Using that number, we can make a reasonable guess at what its earnings would need to be. For the fiscal year ended March 31, Alibaba posted $3.7 billion in profits. (Its P/E, at $66, would be a formidable 44.) Let’s assume that its P/E falls in 10 years to a number that still exceeds the market’s long-term average, to around 20. In that case, Alibaba would need $27 billion in net profits to provide a 10% annual return.
Getting from $3.7 billion to $27 billion in profits would require an annual growth rate of 20%. It’s possible, but it’s highly improbable. Other than government-owned Fannie Mae and Freddie Mac, only two companies on the Fortune 500 achieved profits over $27 billion in 2013, Exxon Mobil and Apple. With a half-a-trillion-dollar-plus market cap, Alibaba would rank among the world’s most valuable companies. Today, only Apple boasts a valuation over $500 billion. In other words, don’t bet on it.

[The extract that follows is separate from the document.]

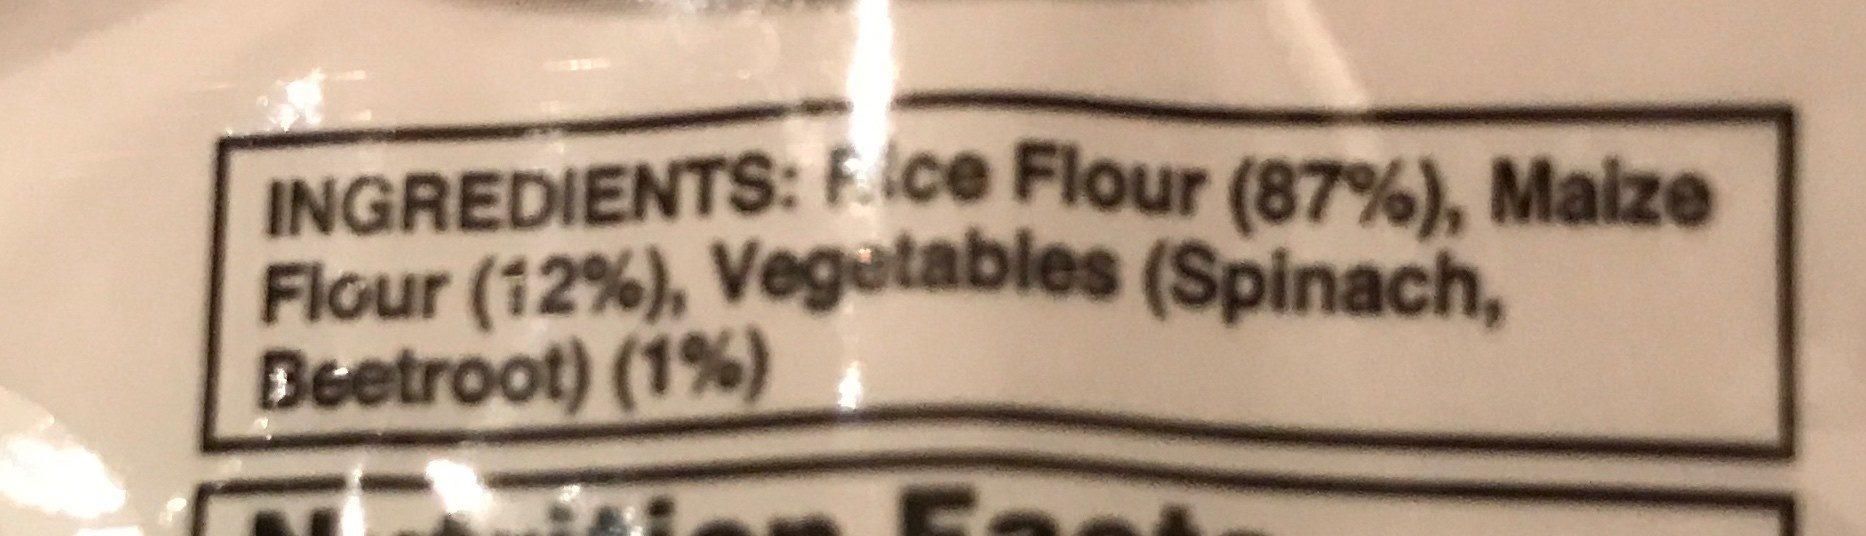 Rice & Corn Vegetable Pasta - Ingredients

And this is the best case scenario! Let’s predict what’s highly possible, that Alibaba’s shares pop by, say, 25% on the first day of trading. In that case, Alibaba would need a market cap of almost $700 billion and earnings of $35 billion by 2024 to generate a 10% return for investors. The Chinese online market has a great future, and Alibaba could very well continue on its path to success. But that’s not enough—in fact, not nearly enough—to make it a good investment.